Belki de tarihin en kusurlu yanı buradadır. Geriye dönük bir şekilde okunması ve bükülebilmesinde. Bugünün en büyük hatalarından biri, olayları tümdengelimci bir kafayla değerlendirip kırılma anlarının peşine düşmek ve aslında kendimizi kandırmak. Lise turnuvalarından kalma bir anlayış olan 2-3 alan savunmasını fanusta uygulamaya koyan Erik Spoelstra, finale kadar yürümeseydi bu kadar başarılı olarak anılacak mıydı? Oyuncularından fazlasıyla talepkâr olduğu herkesçe bilinen, kimi zaman baskıcı bir rejimi Boston Celtics tesislerinde hâkim kılan Ime Udoka, Boston Celtics ile haziran ayında sahneye çıkamasaydı uyguladığı metotlar başarılı kabul edilecek miydi? Tarih bir yerde geriye dönük bir şekilde okunuyor ve bükülüyor. Tıpkı yıllar önce, Clippers serisinde Green'in yaptığı gibi. Ya da Steve Kerr'ün fark ettiği gibi…

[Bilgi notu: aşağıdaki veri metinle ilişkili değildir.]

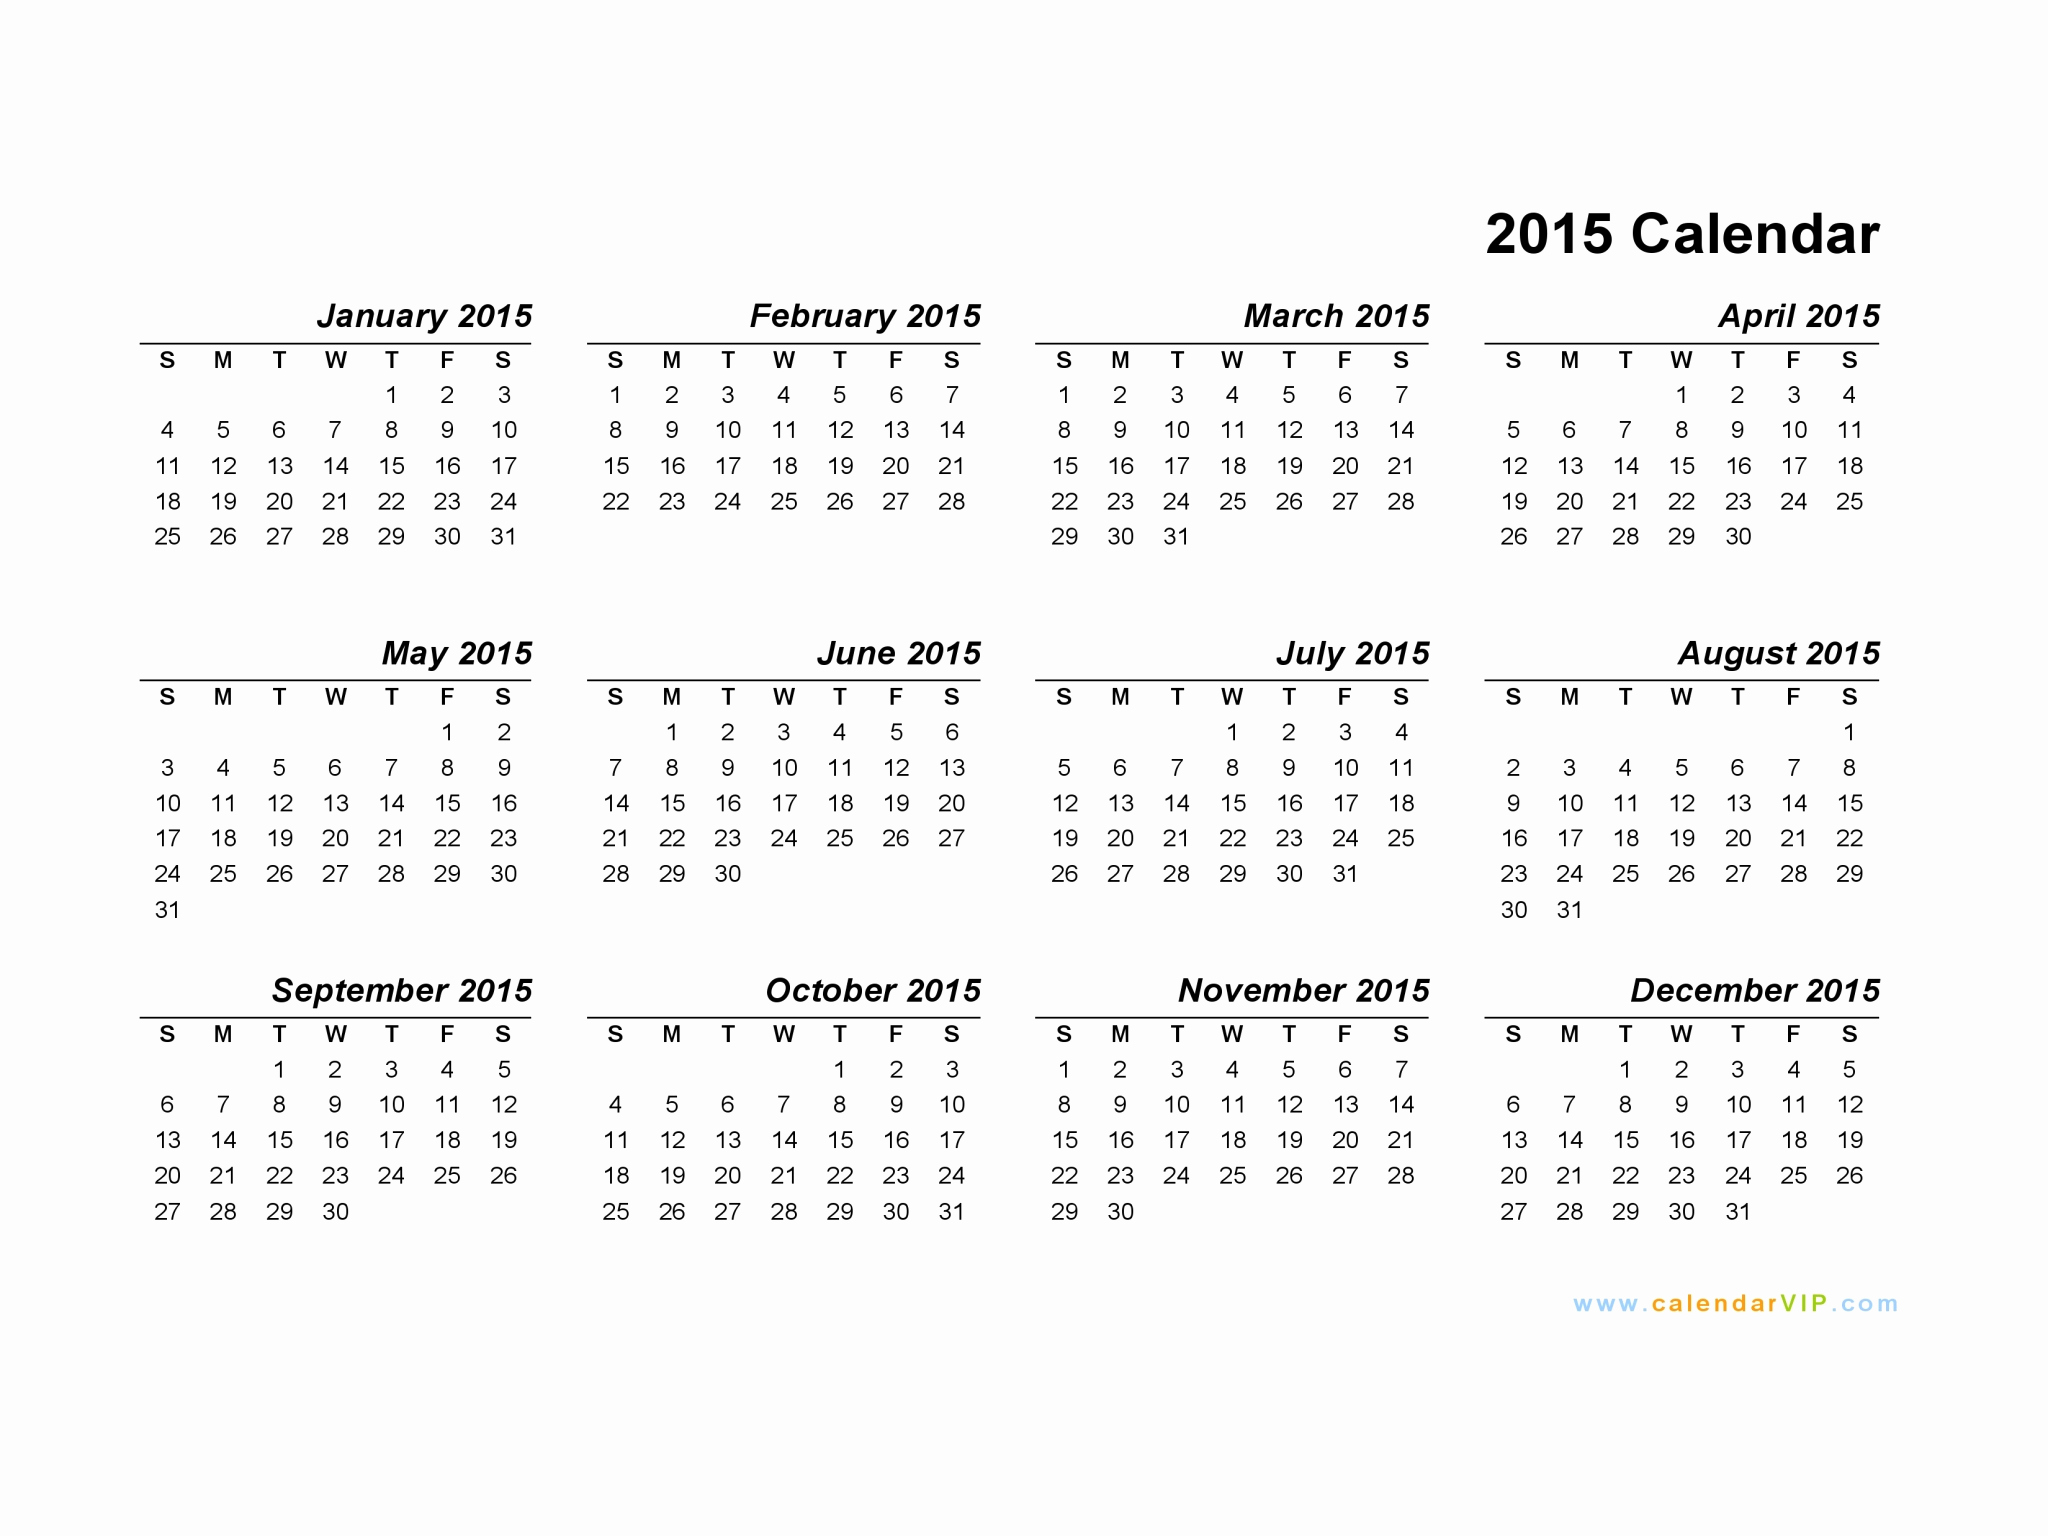 Blank Monthly Calendar Template Pdf Elegant 2015 Calendar Blank Printable Calendar Template In Pdf
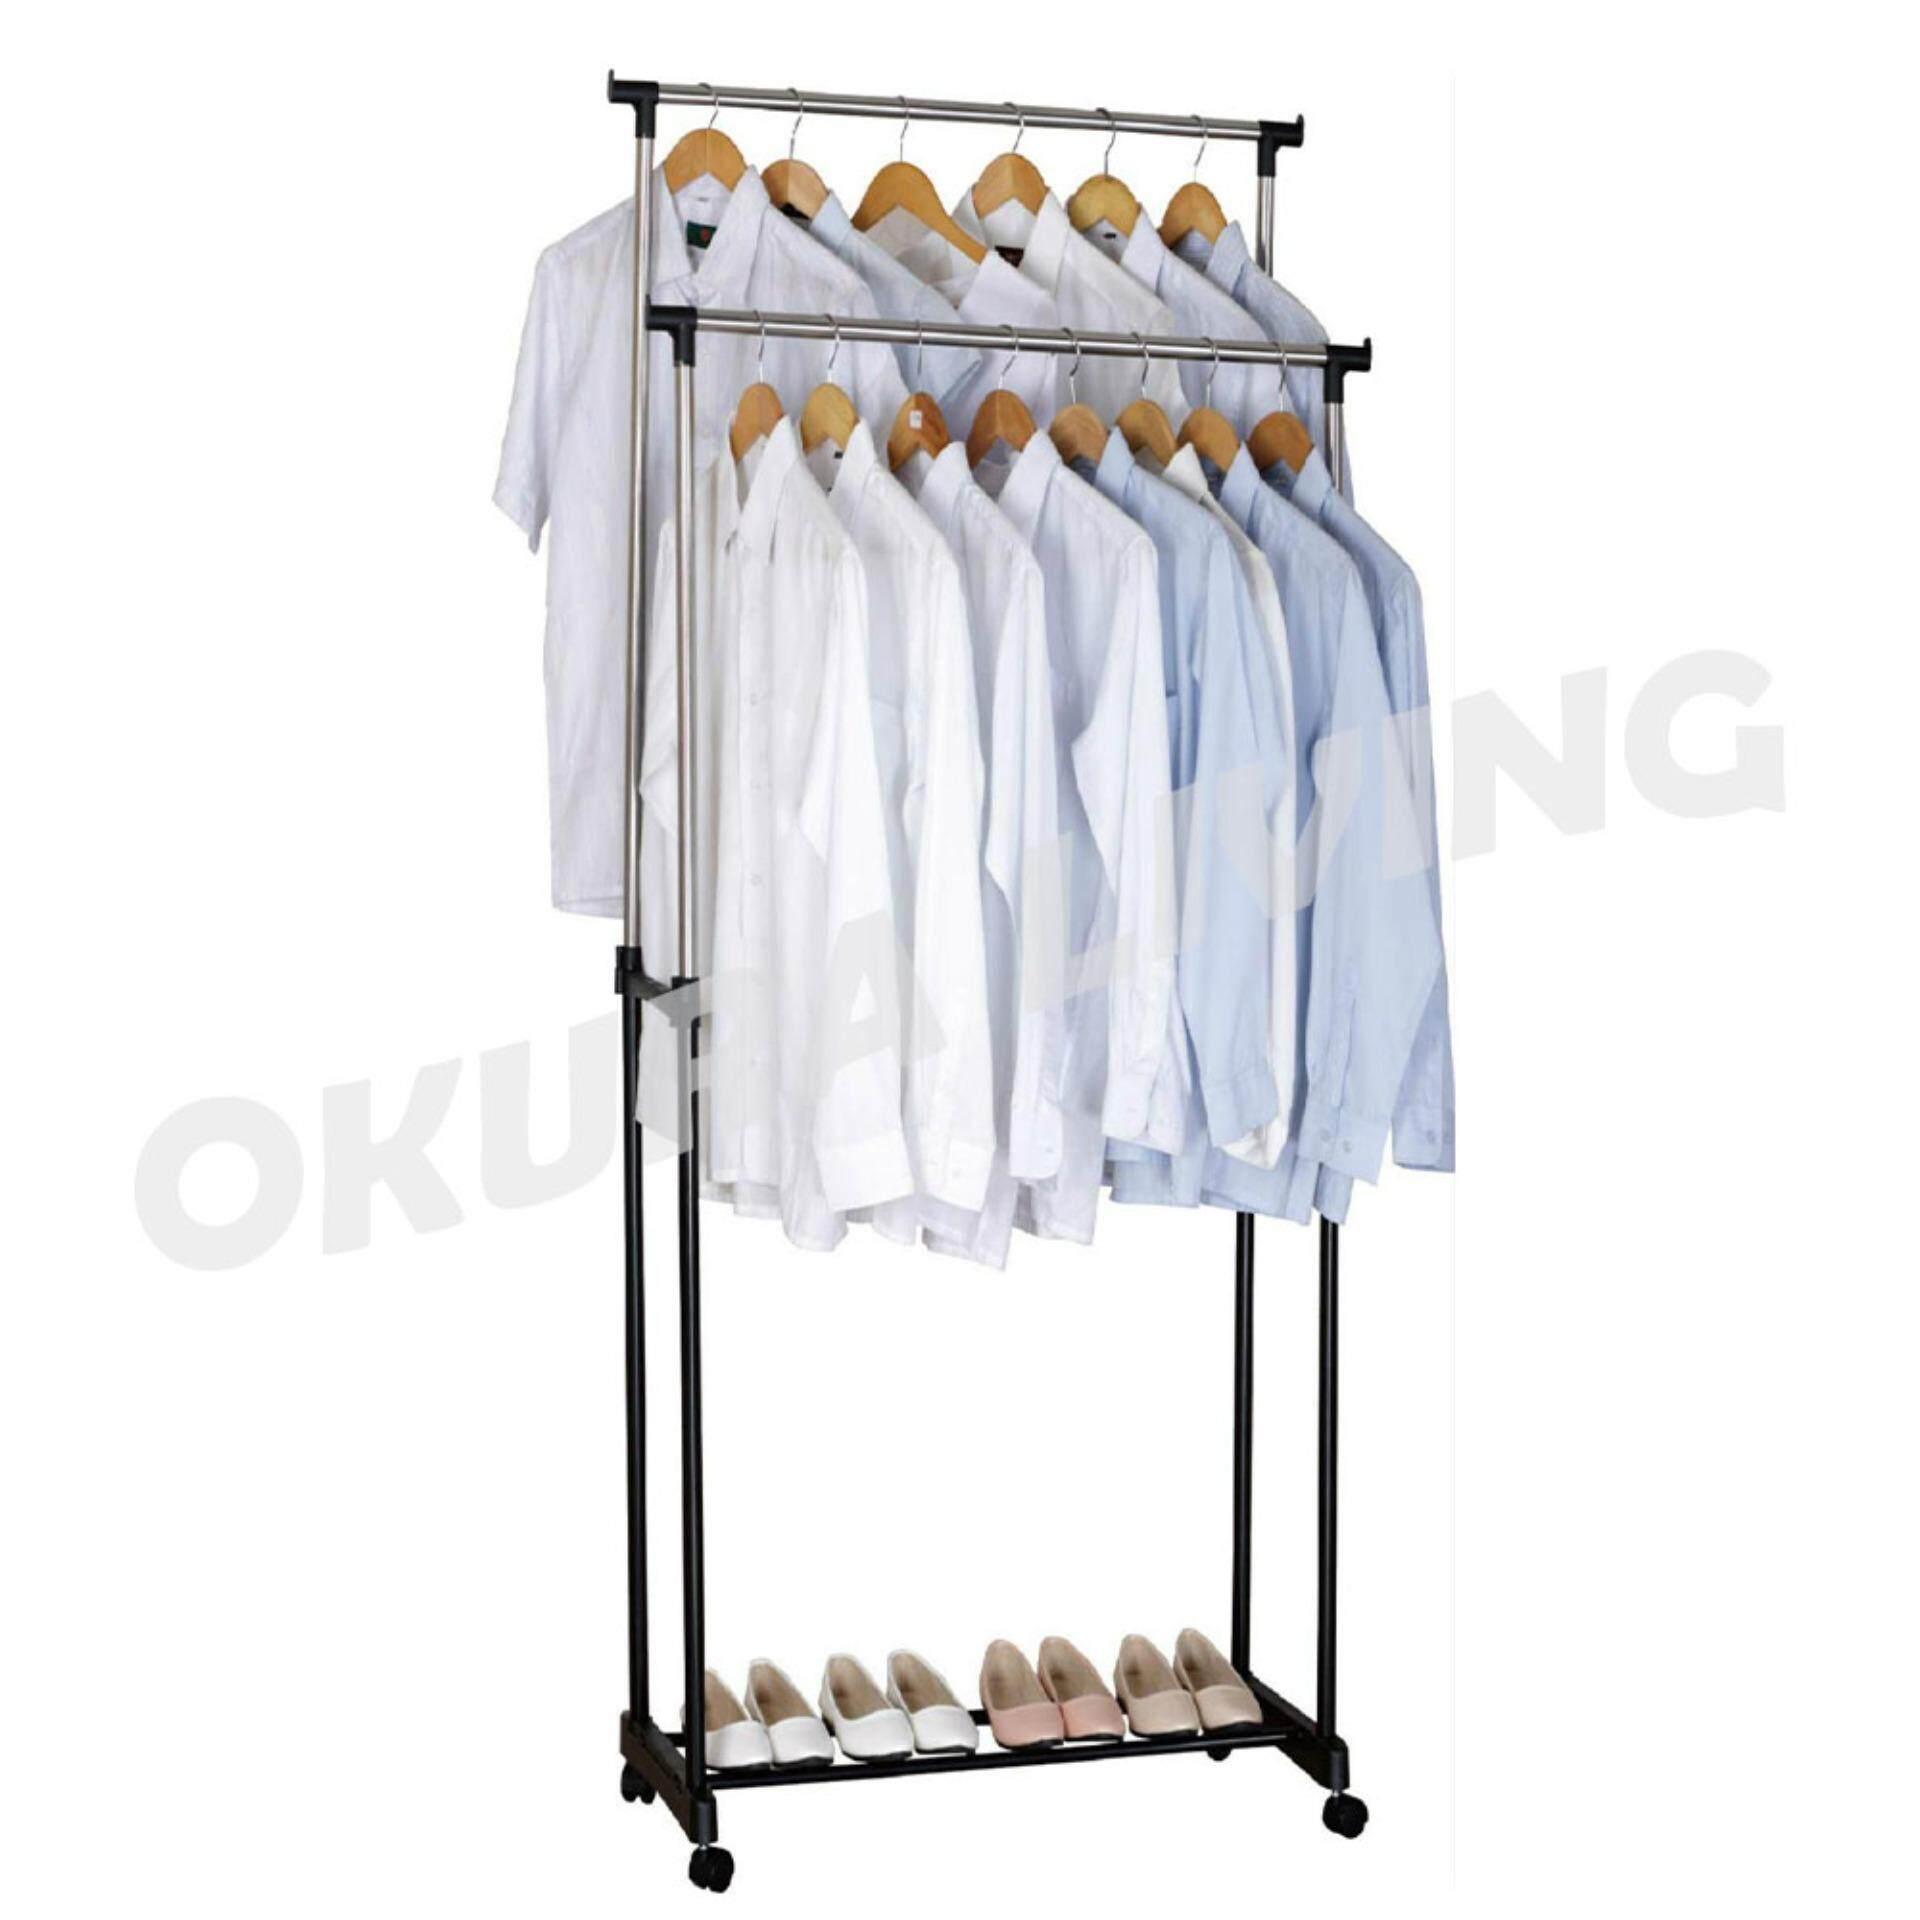 OKURA Adjustable Double Garment Cloth Hanger and Shoe Rack Steel Powder Coated

2015'ten 2021'e yedi sezonda gelen beş final ve üç şampiyonluk sayesinde o Clippers serisi, David Lee'nin sezon başında yaşadığı sakatlık ve devamında yeni koç Steve Kerr'ün aldığı karar dönüm noktalarını temsil ediyor. 2015'le birlikte kendi basketbolunu ana akıma oturtan bir Warriors takımı vardı parkede. Başarı daha büyük bir başarıyı doğuruyor, parkedeki oyun ise hiç olmadığı kadar büyük bir değişimin öznesi haline geliyordu. Tempo, alan ve boşluk. Bunu sağlayanların başında o da vardı. Oyun onlara yaklaşırken, onlar da oyunun kendisine yaklaşıyorlardı. Dile kolay, koca bir hanedanlık aslında bu cümlede yatıyor.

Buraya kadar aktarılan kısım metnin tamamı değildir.